TASK STATEMENT
Reproduce everything from the line that contains "Understanding Mediterranean and" down to the line that contains "Titel: Grundlagen der" in the listing below, word for word and nothing more. Leave the pictures out.

EXTRACTED DATA
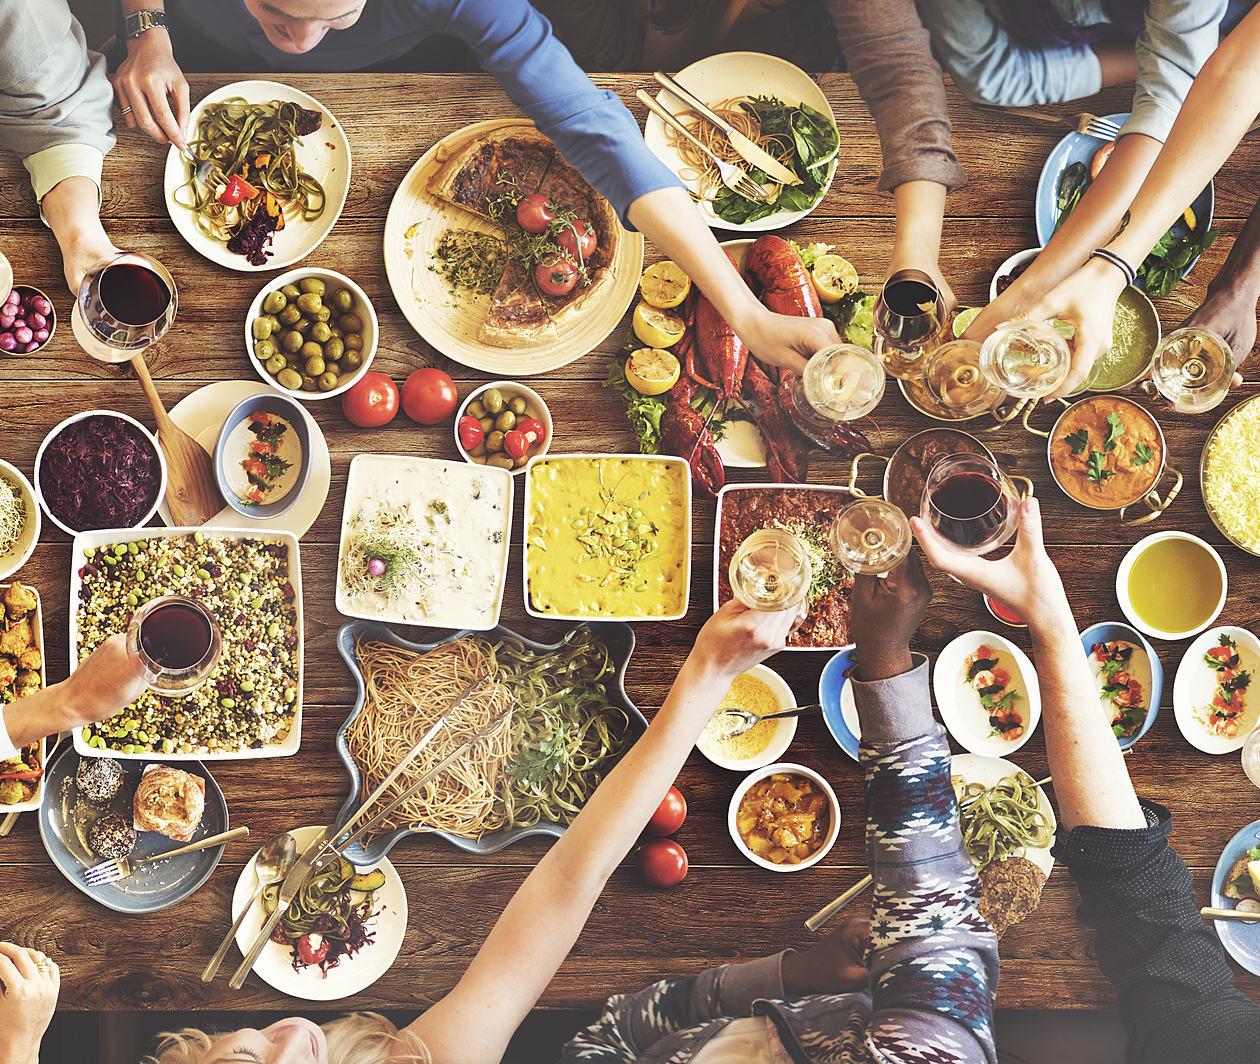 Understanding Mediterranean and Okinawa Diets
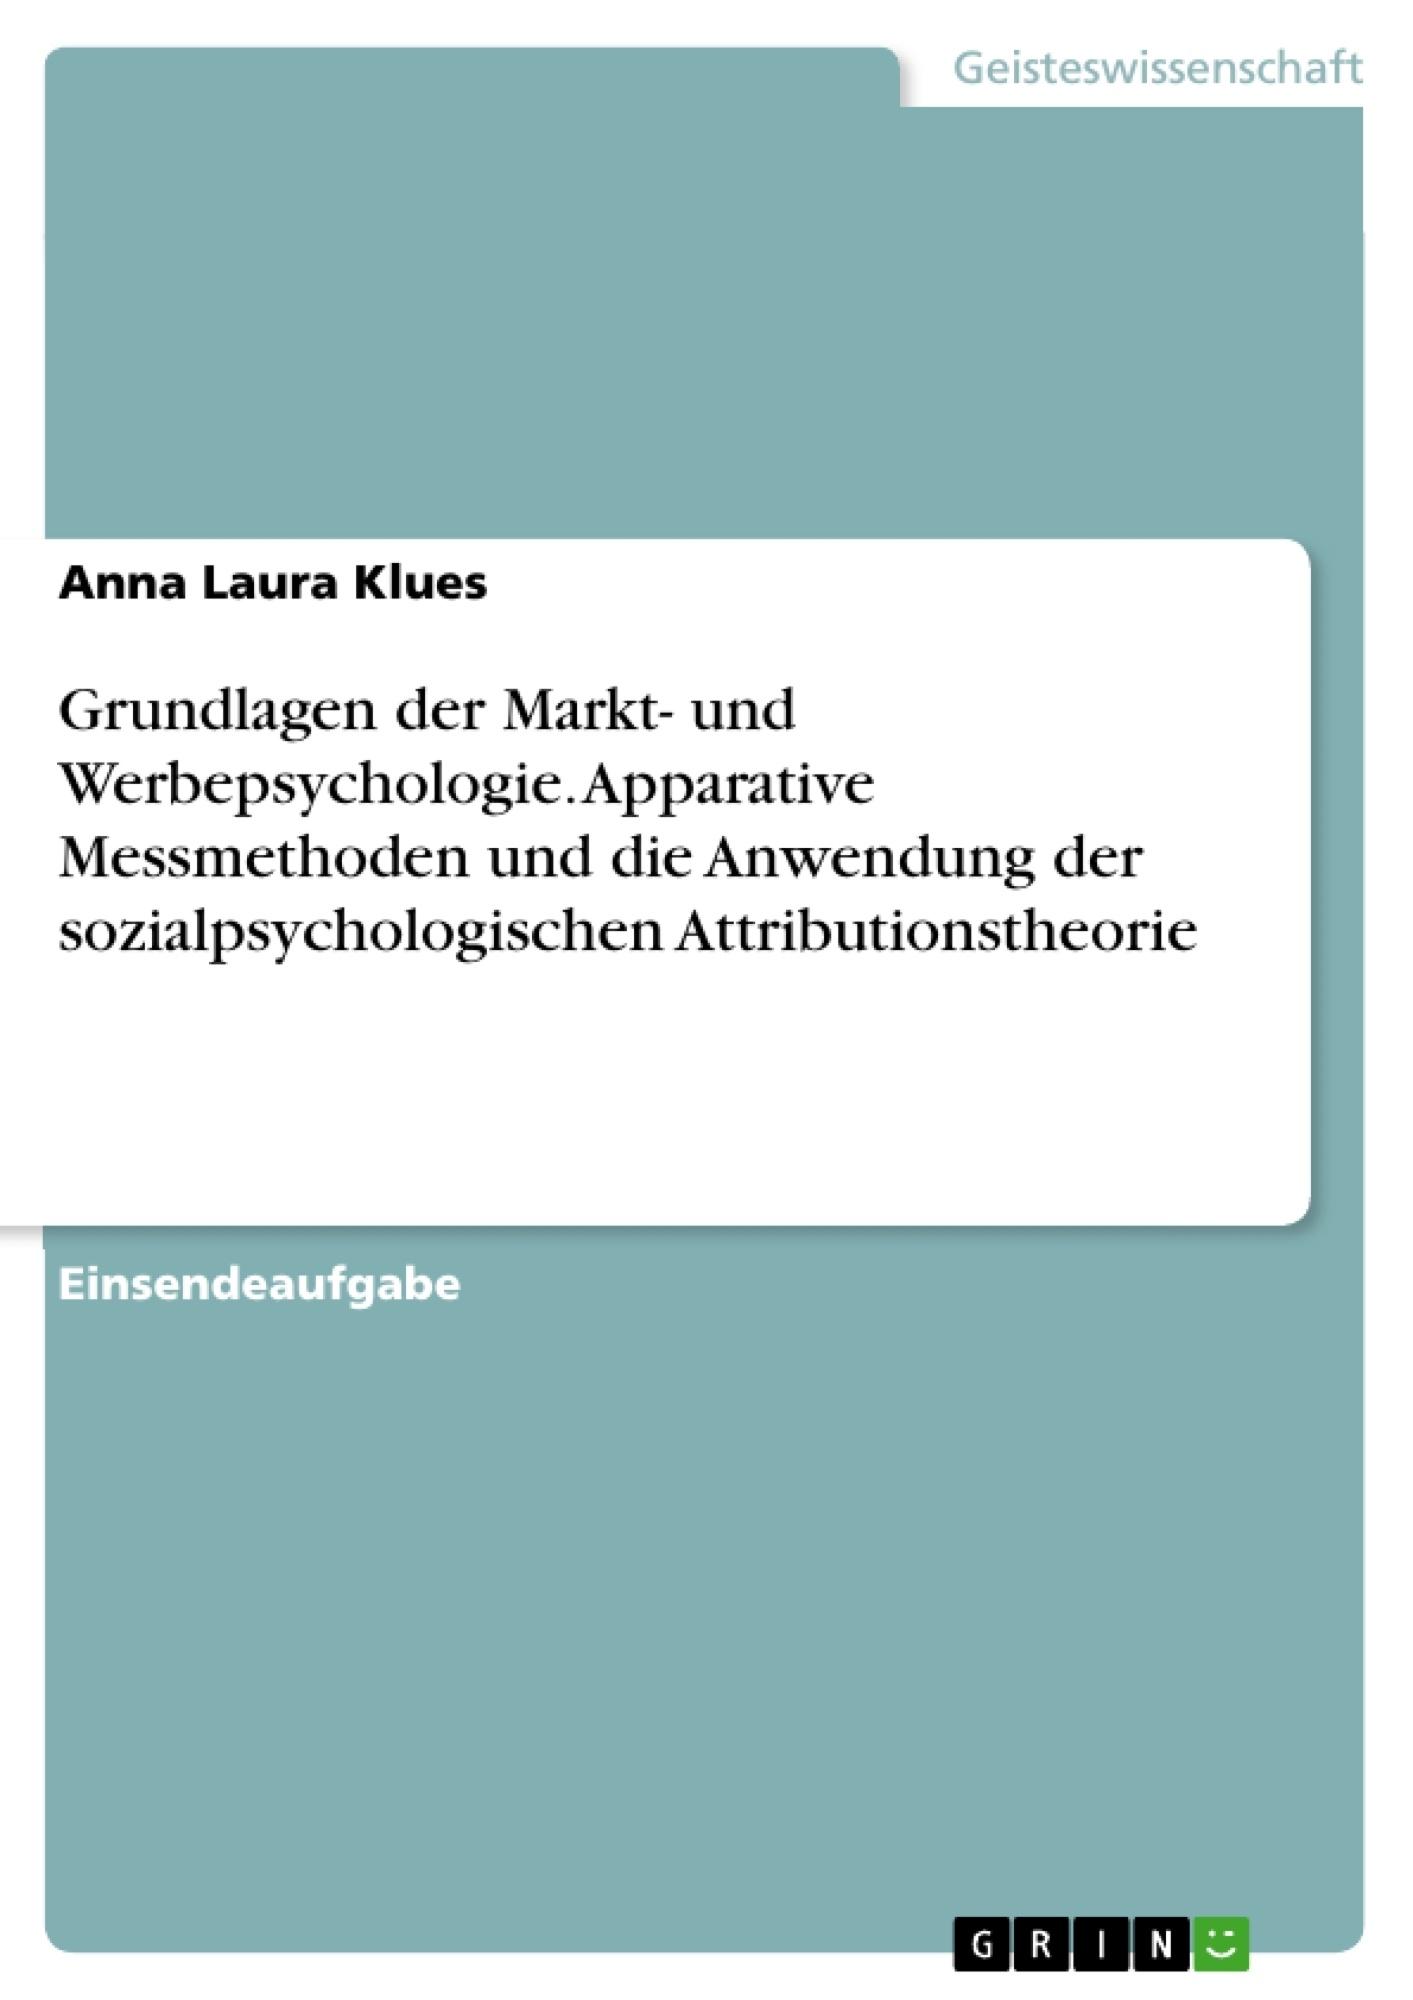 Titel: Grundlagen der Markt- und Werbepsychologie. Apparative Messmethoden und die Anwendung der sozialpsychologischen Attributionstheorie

==

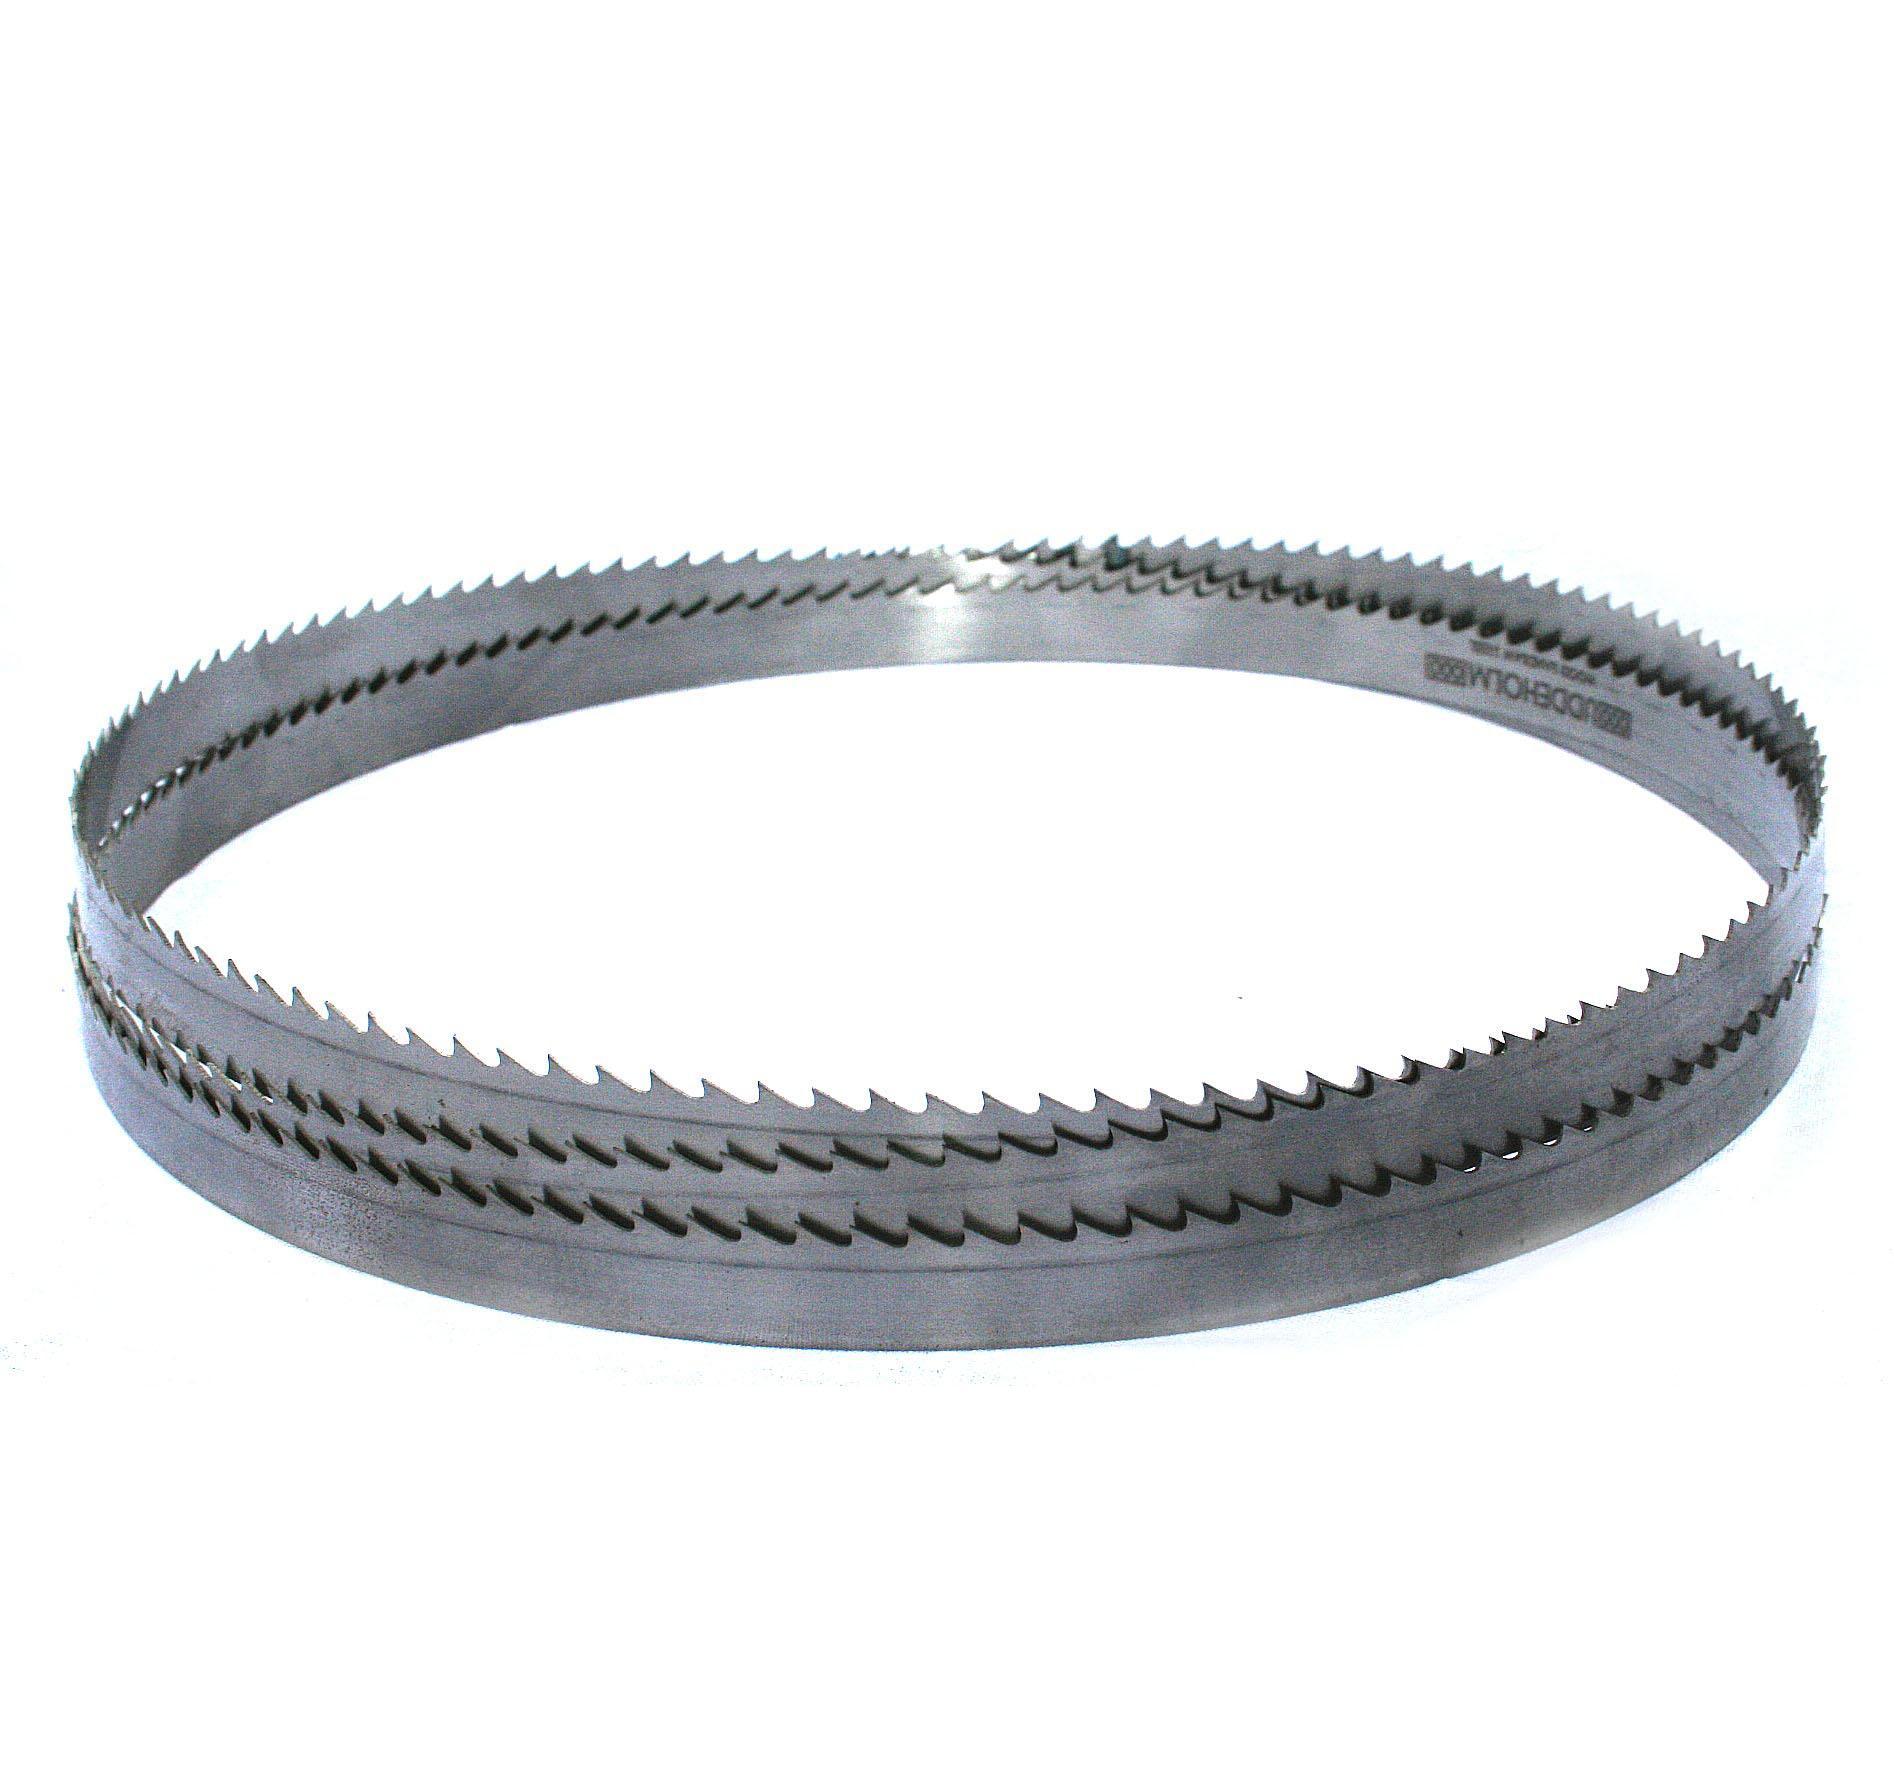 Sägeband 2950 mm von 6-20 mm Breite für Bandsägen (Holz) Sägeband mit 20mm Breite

EXPECTED ANSWER
 Understanding Mediterranean and Okinawa Diets
 Titel: Grundlagen der Markt- und Werbepsychologie. Apparative Messmethoden und die Anwendung der sozialpsychologischen Attributionstheorie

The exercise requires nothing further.